El error monumental que se ha colado en el marco normativo
vigente en materia de transparencia es encargar del cumplimiento de los
estándares de publicidad activa a la misma institución que debe ser escrutada
por su actuación. El gran descubrimiento para perfeccionar ese sistema parece
ser ahora endurecer el régimen sancionador en materia de incumplimiento de
obligaciones de la transparencia. Sendero por el que ya han caminado algunas
Comunidades Autónomas (por ejemplo, Cataluña), con resultados muy gráficos.
¿Cuántos procedimientos sancionadores se han incoado en más de dos años de
vigencia de la Ley?: Ninguno. La transparencia con sangre no entra. Es un error
de percepción. También de concepto. Pero mientras tanto, algunos agujeros
negros están sin resolver en una regulación legal perforada de ausencias.
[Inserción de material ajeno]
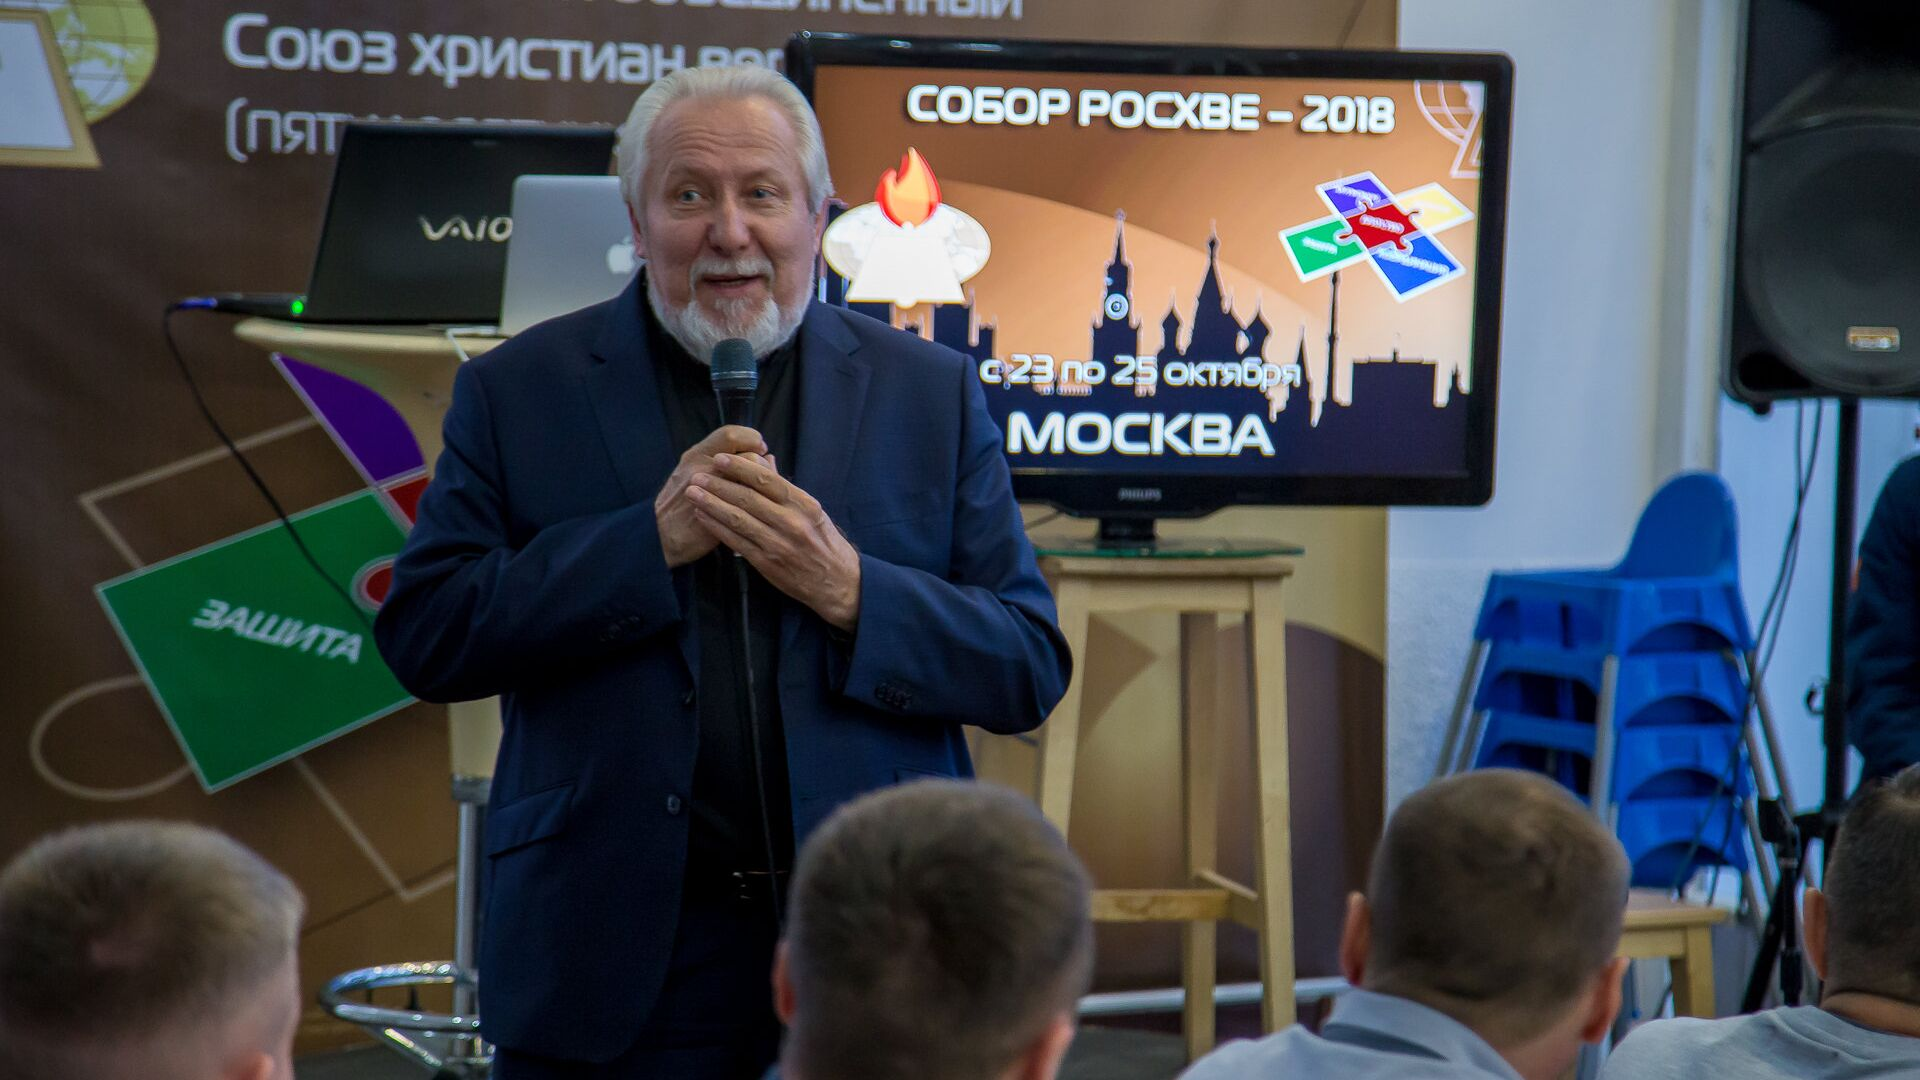 Начальствующий епископ РОСХВЕ Сергей Ряховский на Малом соборе РОСХВЕ. 23 октября 2018  - РИА Новости, 1920, 20.10.2020

Convendría darle una vuelta de tuerca.
Tampoco cabe entender que, vinculado con la idea anterior,
la solución estribe en atribuir las funciones de seguimiento y control (también
sancionadoras) a una Autoridad “independiente” de la Transparencia, o a las ya
creadas. Todos sabemos la dependencia que tienen en España esas autoridades
denominadas independientes. La captura política está a la orden del día y, en
su defecto (o si esa no es muy intensa), todo se resuelve estrangulando sus
recursos y castrando sus posibilidades de acción. Es muy sencillo. Ya se ha
hecho con otras muchas instituciones (al final de resultados inútiles o con
bajo rendimiento institucional) de nuestro panorama público. Sobran ejemplos. Y
ahí siguen. Sin pena ni gloria.
En fin, no es este breve espacio lugar adecuado para
plantear posibles soluciones, complejas en todo caso. Mientras la cultura de la
transparencia no se interiorice en la actividad pública de modo sincero (ya lo
decía Jankélévitch: “transparencia es sinceridad”), continuará siendo una moda,
como reconoció en su día el colectivo Politikon. Quien mejor ha descrito,
a mi juicio, la necesaria transformación que implica la idea de transparencia
es un Secretario de Ayuntamiento, José Antonio Fernández Celada, quien en una
intervención pública describió la ruta necesaria para que todo cambie:
“necesitamos transformar la transparencia de una moda en un modo efectivo de
funcionamiento de toda la institución y de la organización administrativa”.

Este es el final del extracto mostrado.